6 thoughts on “CAFC Denies Joint Infringement Claim and Maps Out Infringement Avoidance Schemes

  1. 6

    Dennis — the punchline is missing at the end of the first paragraph. Let me guess: “a payee’s agent, an ATM network, and a financial institution” walk into a bar. The bartender says to the ATM network, “are you looking for work?” The ATM network says, “sure! I’d love to help you sell booze!” The financial institution says, “he can’t help you, I need him.” The payee’s agent says, “just give me a drink!”

    Its funny cause it’s true.

  2. 5

    Dennis, you should provide a cite for your “conspiratorial infringement” cause of action, in case a court wants to pick up on it.

  3. 4

    The statement “BMC would like to hold ATM networks liable even though their actions do not involve any novel part of BMC’s invention” appears to be irrelevant to the rationale of the actual decision.
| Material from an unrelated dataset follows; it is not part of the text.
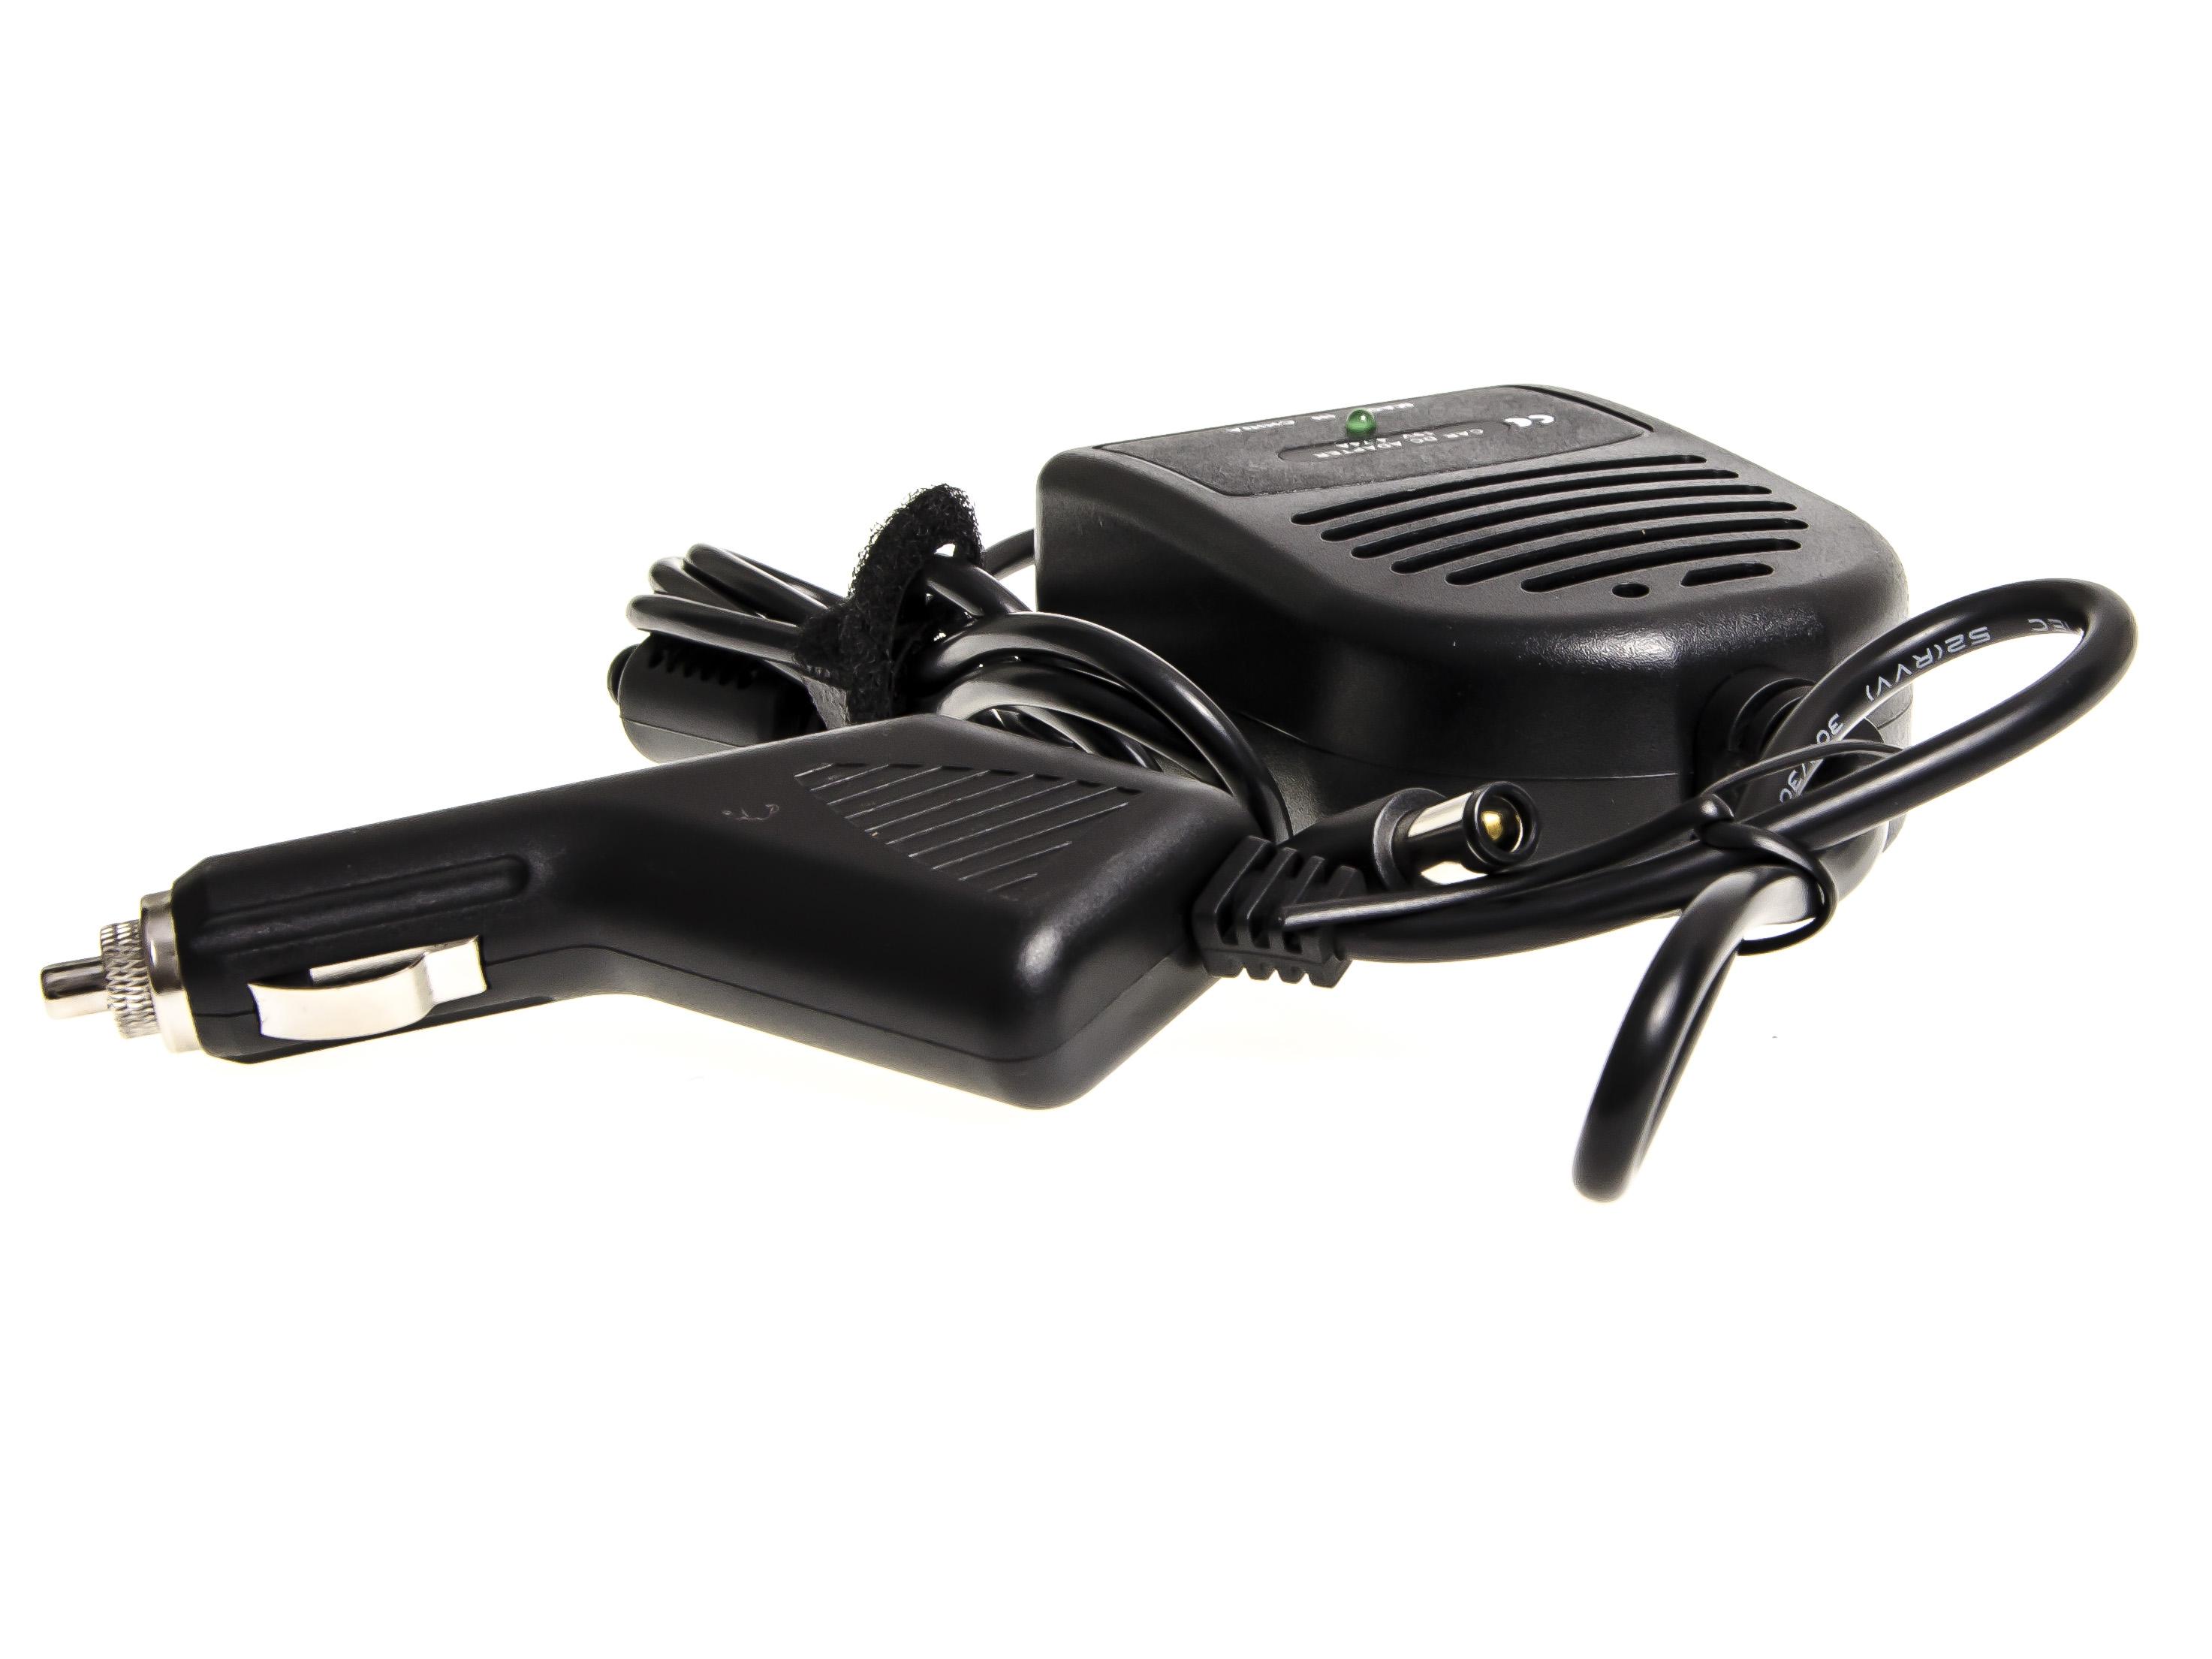 AUTO-caricabatterie-adattatore-per-HP-Compaq-Presario-cq40-331tu-cq40-332tu-Laptop

The decision did not rely on novelty, or the lack thereof, of any particular claimed step to reach its decision. While this line of reasoning may implicitly be a basis for the holding, and also has relevance to the extraterritorial infringement and patent exhaustion contexts, the CAFC did not make it explicit, which is unfortunate for courts and practitioners seeking clarity in these areas.

  4. 3

    So does this mean that a company that wants to practice a patented method could in some cases establish separate corporate subsidiaries to each perform only part of the method, having arms-length agreement between them (and with the parent?), and thereby avoid infringement? If so, this is brilliant.

  5. 2

    Who has proposed the “conspiratorial infringement” cause of action? You, Crouch? Where? Link? I think it’s absolutely terrible to propose further patent infringement liability. Things are bad enough.

  6. 1

    How does this holding impact the patent in LCA v Metabolite? The patent in that case had joint-actor claims, with some steps performed by the lab and others performed by the doctors.